Chapter 47
47
Arwen
My eyes blinked open to a warm swath of blue sky and a cluster of swaying autumn leaves. The air was as crisp as an apple and just as sweet. I inhaled it through my nostrils greedily—pumpkin seeds, damp leaves, chimney smoke.
And the ground—a grassy meadow, clean with morning dew beneath my head. Blades of grass tickling my cheeks and forearms. My eyelids fell closed amid gentle awareness.
I knew this place.
I knew the view of the small yet bustling town square that would greet me once I pushed myself up to sit. Knew the vibrant sunset colors that would paint the sky in subtle gradations. Yolky yellow, rosy pink, crystal blue.

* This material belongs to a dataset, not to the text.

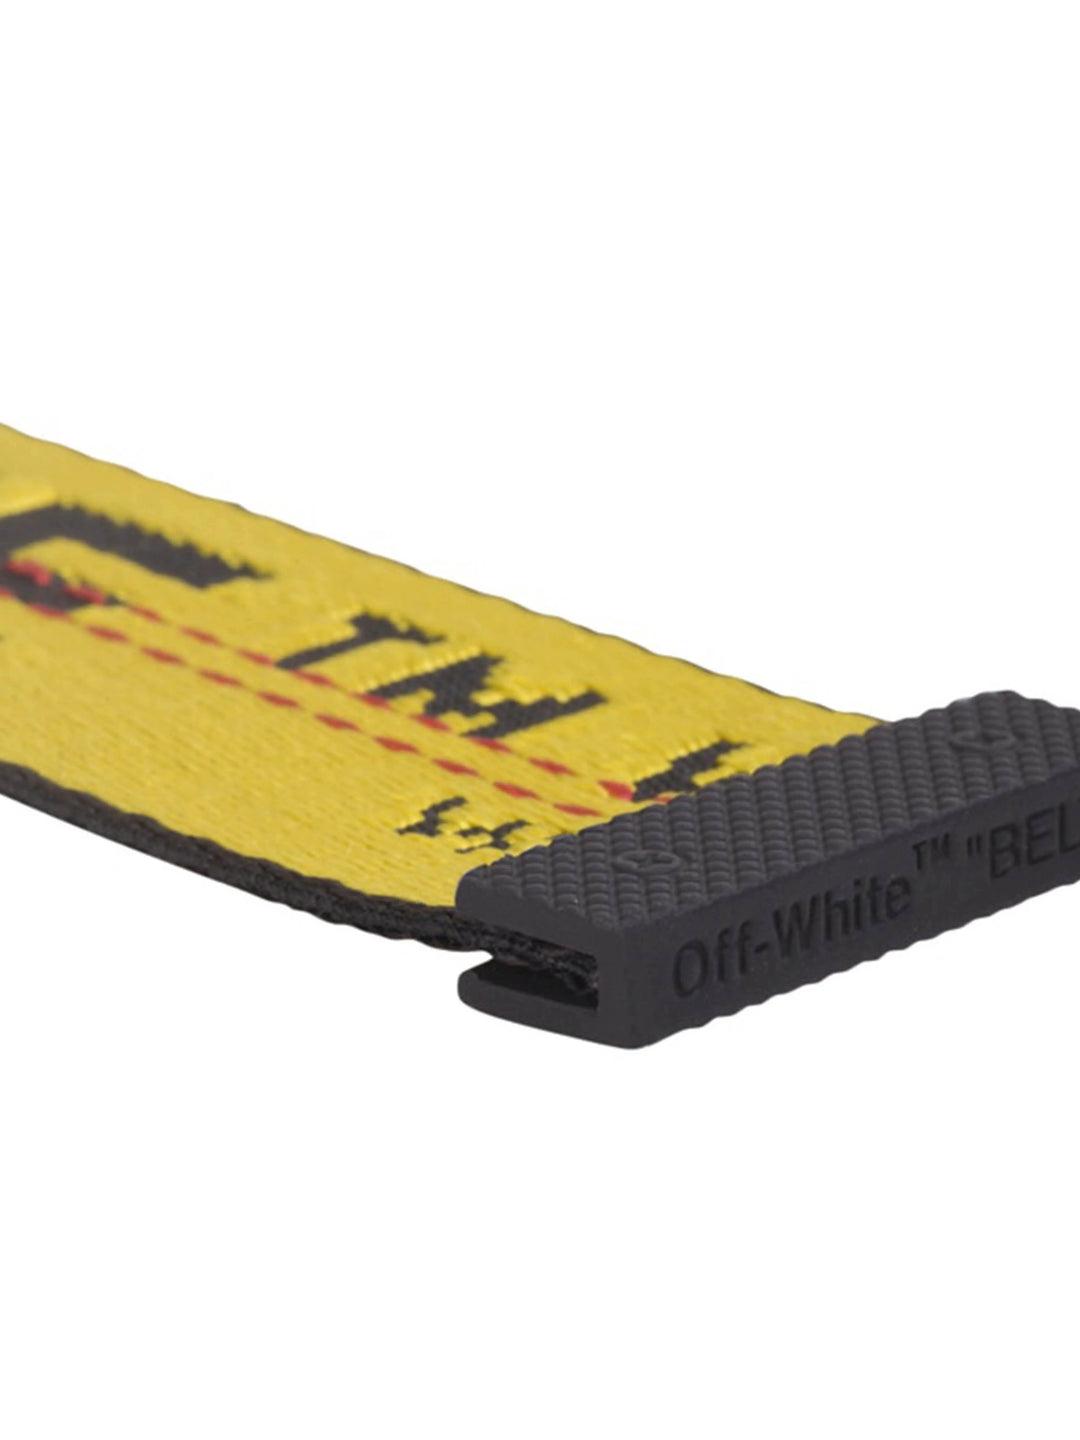 Off-White 2.0 Industrial Belt Yellow/Black [SS19] Prior

"Is it just as you remembered it?"
The voice, though I'd never heard it before, didn't frighten me. I moved from my back to sit comfortably atop the knoll, that view I'd been expecting to stretch below me even smaller, but somehow more comforting than I'd remembered. Sleepy Abbington shone under the colorful clouds. Like ripped tufts of cotton backlit by liquid gold.
The man's dark brown hair receded a bit up the crown of his head. His heart-shaped face and angular nose were handsome, kind. Inexplicably familiar.
"Do I know you?"
"A complicated question," the man said ruefully. " No is probably the simplest answer."
White floppy butterflies floated by on a breeze.
"I owe you many thanks," he continued, his eyes, too, on the fluttering wings, the watercolor sky, the rolling autumn hills, and the shepherds that tended to flocks grazing atop them. And then down to the town. The handful of shopkeepers and merchants closing up for the evening. Headed home to their families to sleep and eat and start anew tomorrow.
I turned to him once more. "You do?"
"I was not able to return home for a long time. I had done something foolish in the hopes of helping others. Had not used my power in the way it was meant to be used. Your bravery proved it had not been an error at all." Something brimmed in his eyes. "You conquered a mighty force. Saved many lives. Spared realms."
But I didn't feel pride. I didn't feel like a savior or a queen—I was born in this quiet, autumn town. I was just a girl. "My name is Arwen."
"I have been looking forward to this day for some time, Arwen."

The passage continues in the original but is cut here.